This exercise calls for the whole listing to be given again exactly, without images.

____ Data block

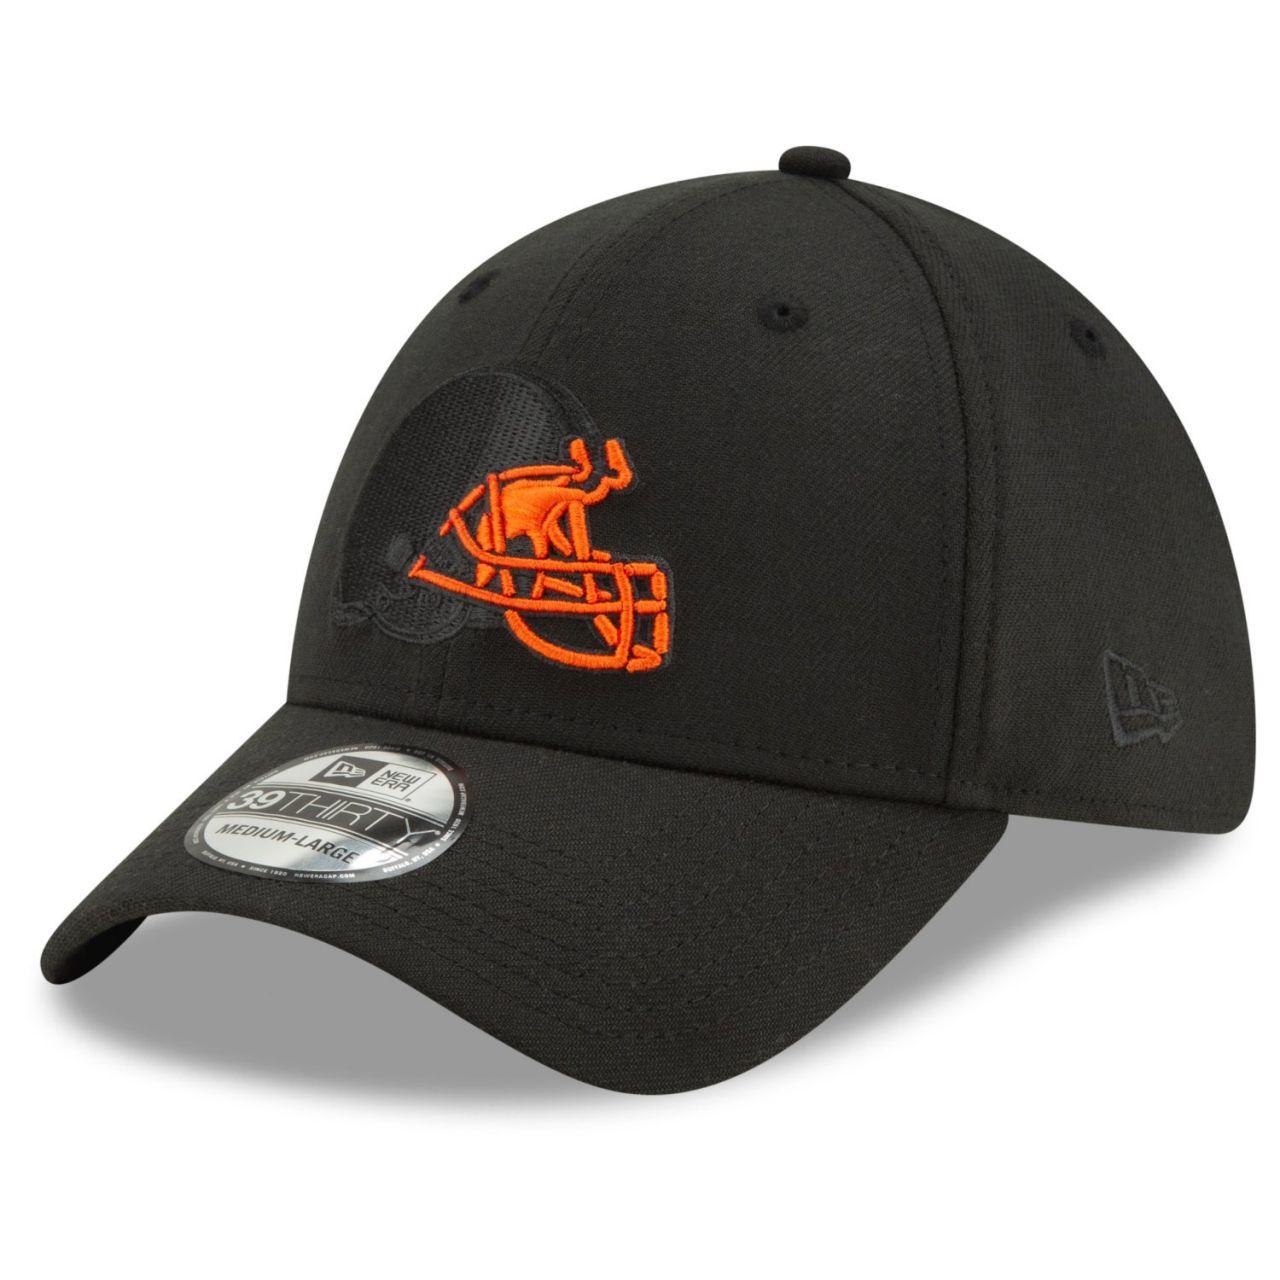 amfoo - New Era 39Thirty Stretch Cap - ELEMENTS Cleveland Browns
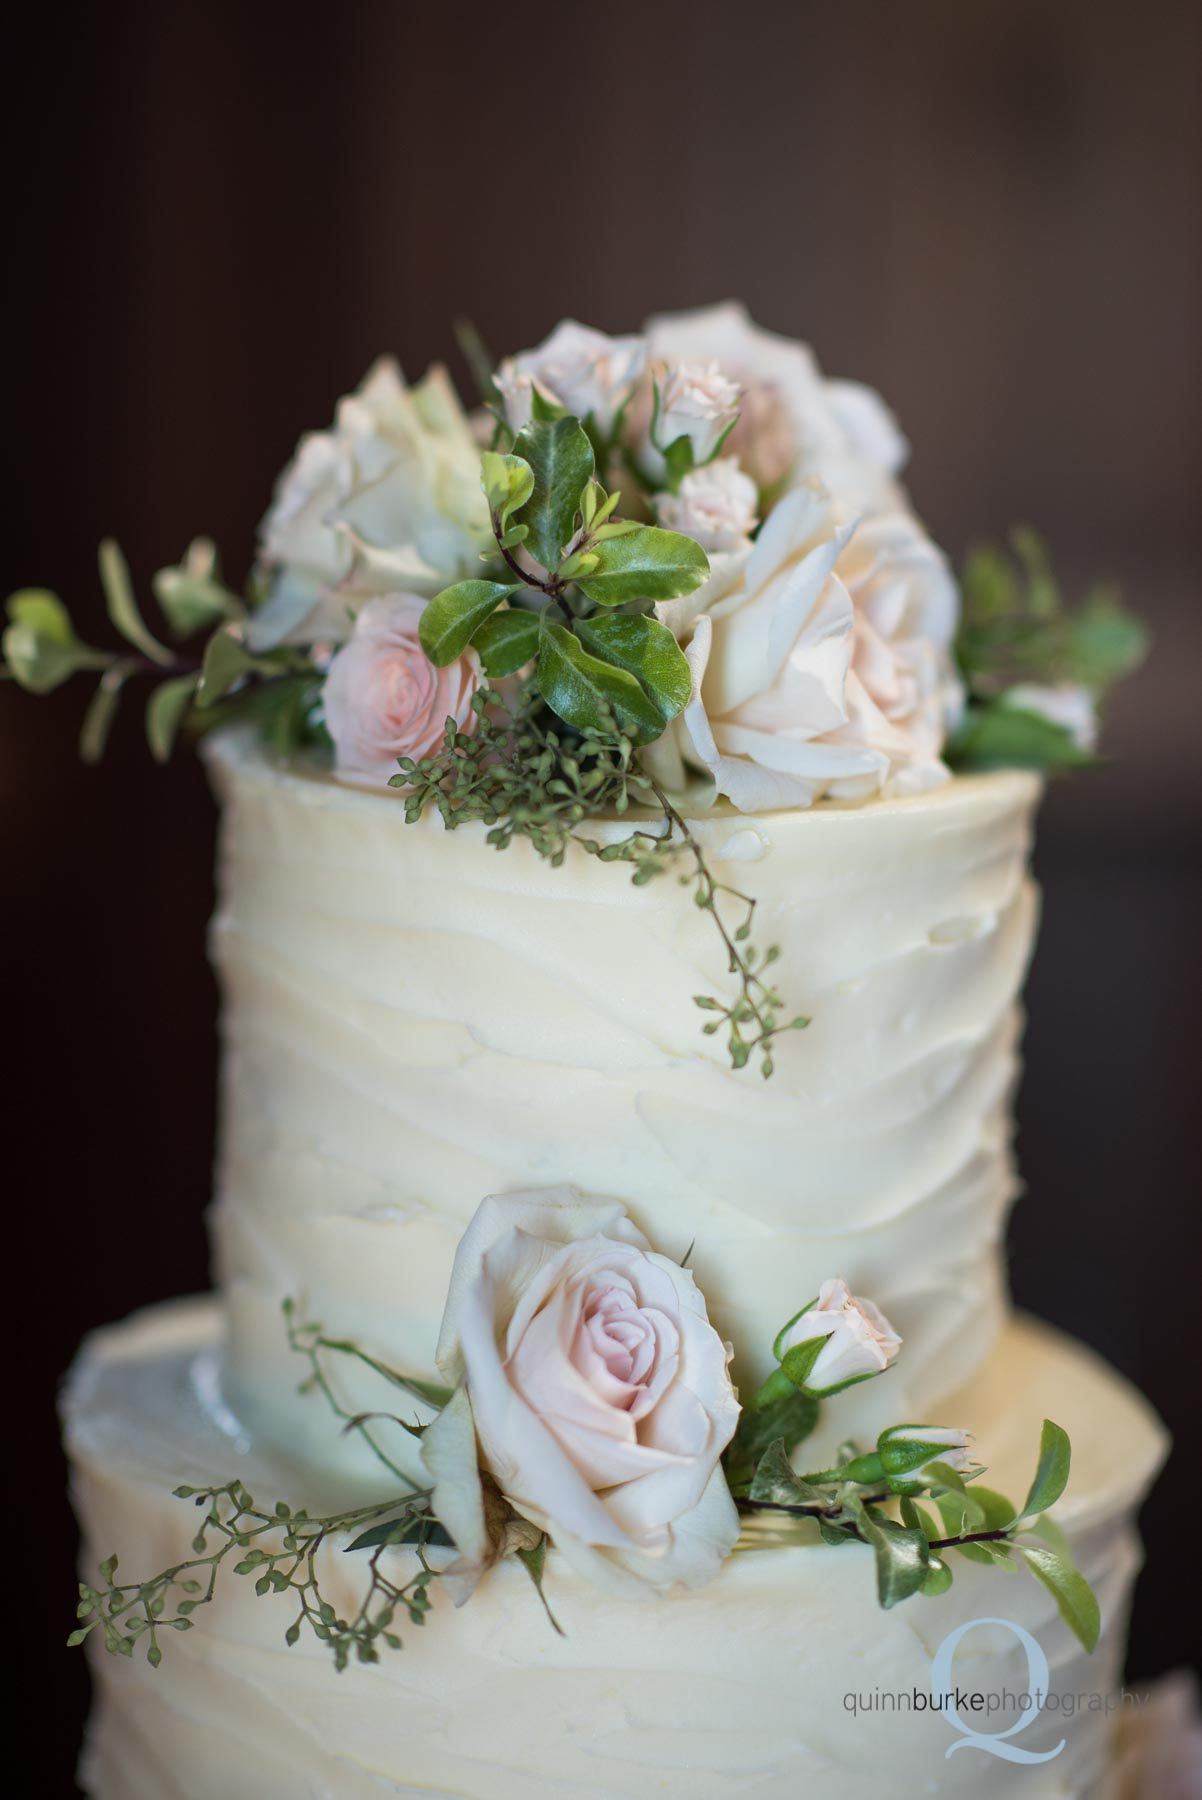 Perryhill Farm wedding cake roses
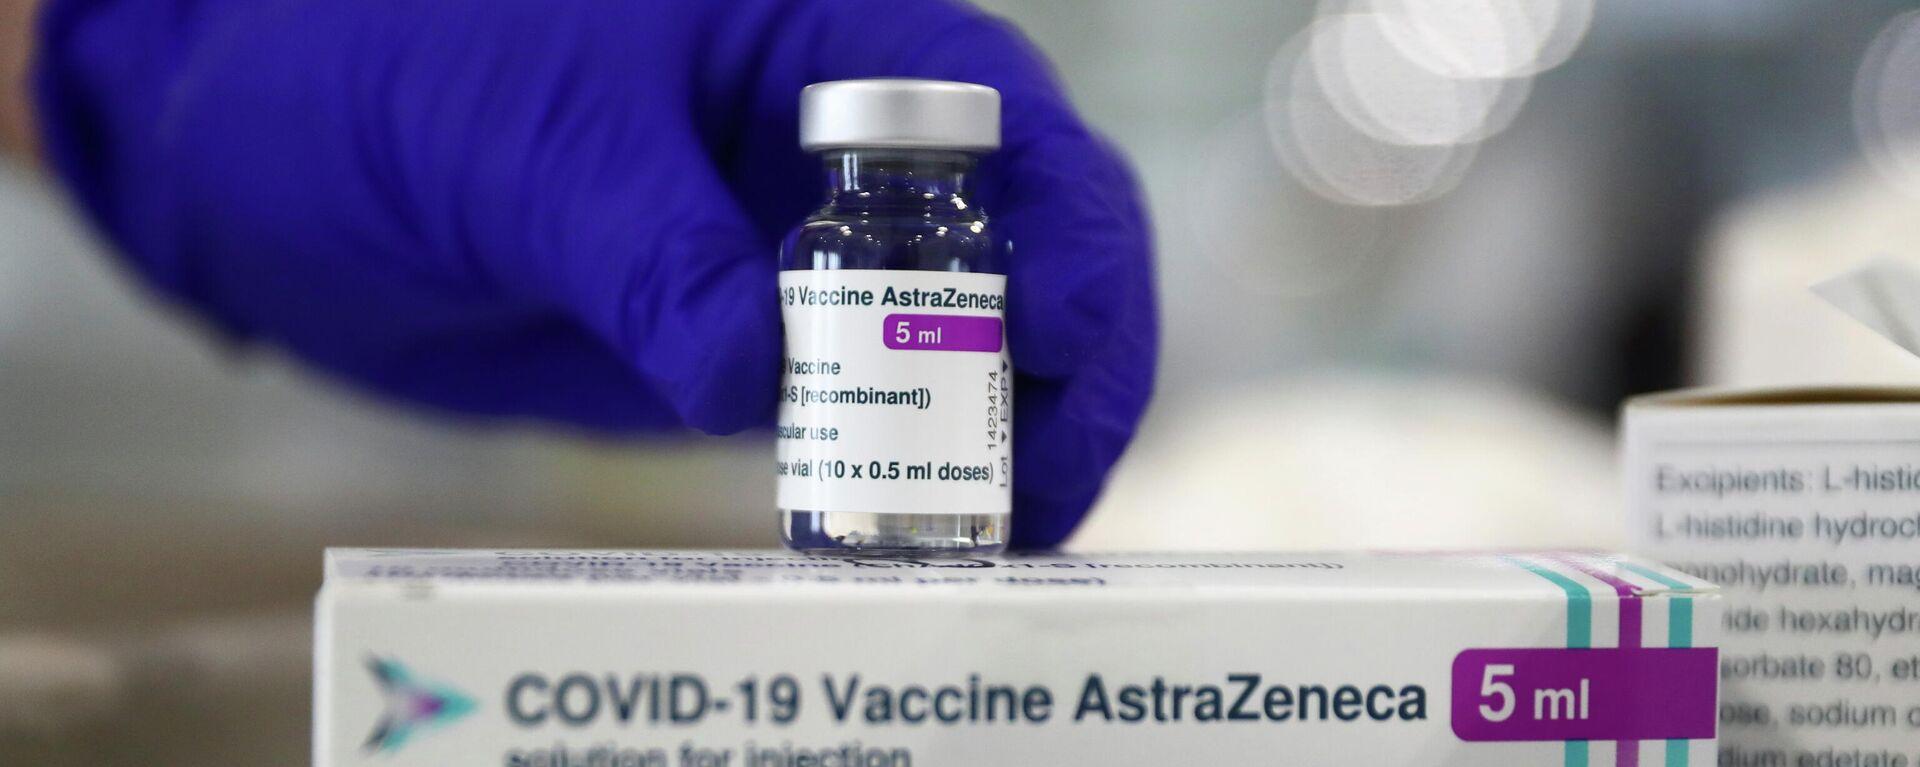 Vacuna contra el coronavirus AstraZeneca en Madrid, España - Sputnik Mundo, 1920, 23.04.2021

________

Response:
 amfoo - New Era 39Thirty Stretch Cap - ELEMENTS Cleveland Browns
 Perryhill Farm wedding cake roses
 Vacuna contra el coronavirus AstraZeneca en Madrid, España - Sputnik Mundo, 1920, 23.04.2021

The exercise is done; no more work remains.